Broadly, the components involved are:
- Web Application & Worker
- Spark Worker
- Jupyter Notebook
- File Management
- Metadata Database (SQL RDBMS)
- Redis - Messaging Queue
For very simple installations, all of these could be installed on the same machine, we recommend keeping them separate to simplify scalability needs.
Web Application¶
A flask application which serves the User Interface and Web APIs which are accessible to users via the browser.
It also includes a worker process for long running tasks in the API.
This component has 2 processes: corridor-app
and corridor-worker
Requirements¶
- RAM: 4 GB
- Processor: 4 CPU
- Installation storage space: 20 GB
- Python 3.11+
Optional:
- Web Server - Example: Nginx
- Process Management - Example: Supervisor or Systemd
Spark Worker¶
Worker to handle any jobs triggered by users which are asynchronously. It is recommended to have at least 2 workers and increase concurrency as required.
Note
This needs to be installed on a machine that is configured as a Spark Gateway (i.e. A
master node or an edge node of the cluster). This is not the data nodes of the cluster itself.

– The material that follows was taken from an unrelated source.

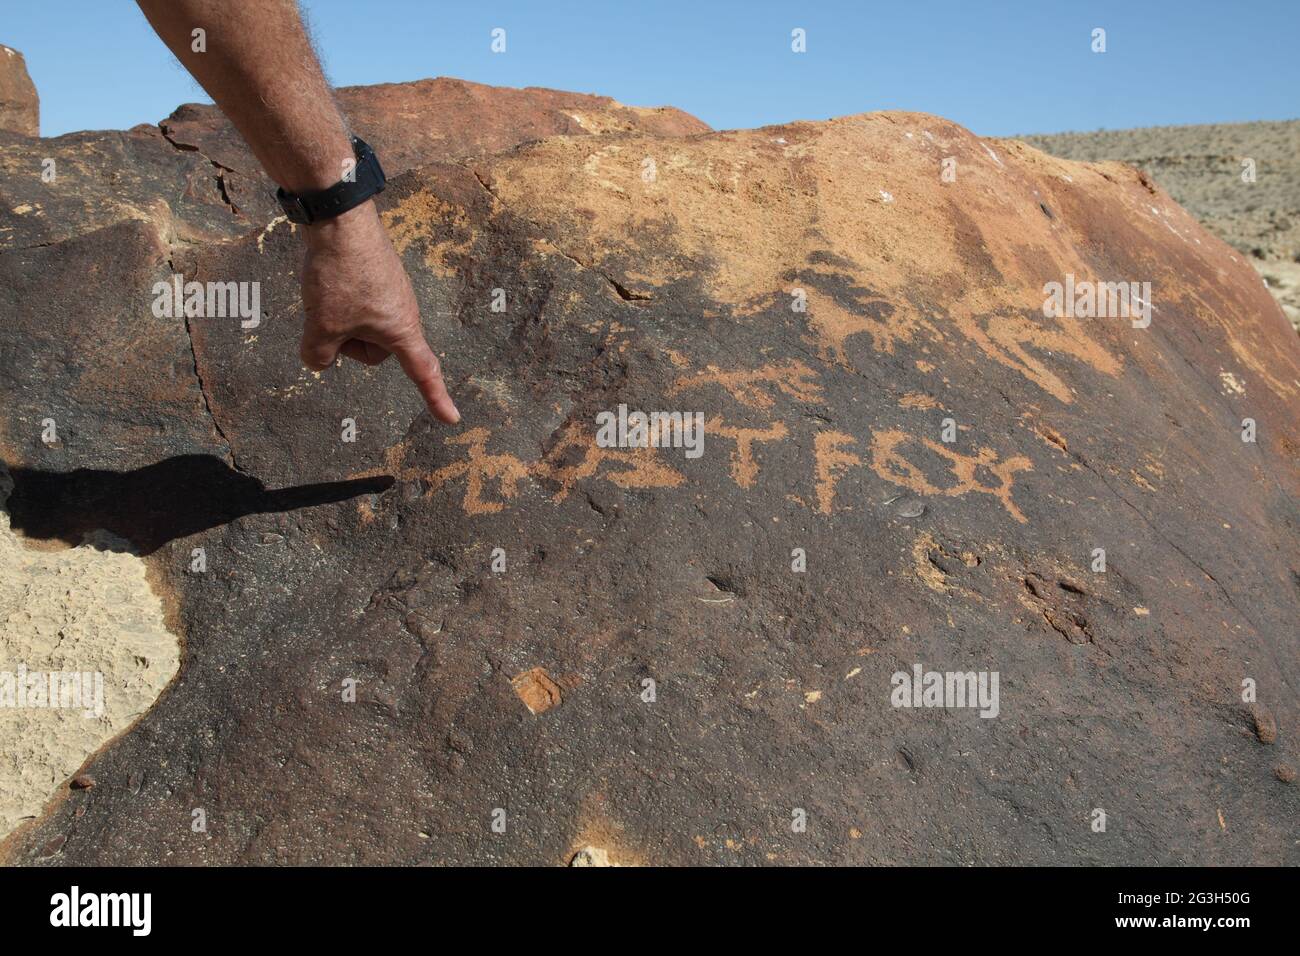 La mano del hombre apunta a antiguas tallas de roca de probablemente una forma temprana no identificada de letras árabes escritas hace 2000 años por los jinetes de camellos de Nabateans Foto de stock

The worker process should be able to import the pyspark
module.
Requirements¶
- RAM: 16 GB
- Processor: 8 CPU
- HDFS storage space: 500 GB (depends on the data being processed, HDFS space to handle shuffles need to be considered too)
- Python 3.11+
- Java 8+
- Spark 3.3+
Optional:
- Process Management - Example: Supervisor or Systemd
Jupyter Notebook¶
A notebook for free-form analytical usage. We provide Jupyter Notebooks out-of-the-box but can integrate with existing notebook solutions too.
Note
This needs to be installed on a machine that is configured as a Spark Gateway (i.e. A
master node or an edge node of the cluster). This is not the data nodes of the cluster itself.
The jupyter notebook kernel should be able to import the pyspark
module.
Requirements¶
- RAM: 4 GB for base services and more as per usage by users
- Processor: 4 CPU and more as per usage by users
- Installation storage space: 10 GB
- Python 3.11+
- Spark 3.3+
Optional:
- Process Management - Example: Supervisor or Systemd
File Management¶
A file system management to store and retrieve files. A NAS storage that can be mounted on all servers and be accessible by all services is ideal.
Requirements¶
- File storage space: 50 GB
Metadata Database¶
This serves as an internal RDBMS to store the state of the application and various user information.
Requirements¶
- RAM: 2 GB
- Processor: 2 CPU
-
Database storage space: 5 GB
-
SQL Databases supported:
- Oracle 19+
- MSSQL 2016+
- Postgres 11.7+
Redis - Messaging Queue¶
A low-latency task queue to send and receive information about the asynchronous tasks.
Requirements¶
- RAM: 1 GB
- Processor: 1 CPU
- DB Snapshots storage space: 10 GB
- Redis 4+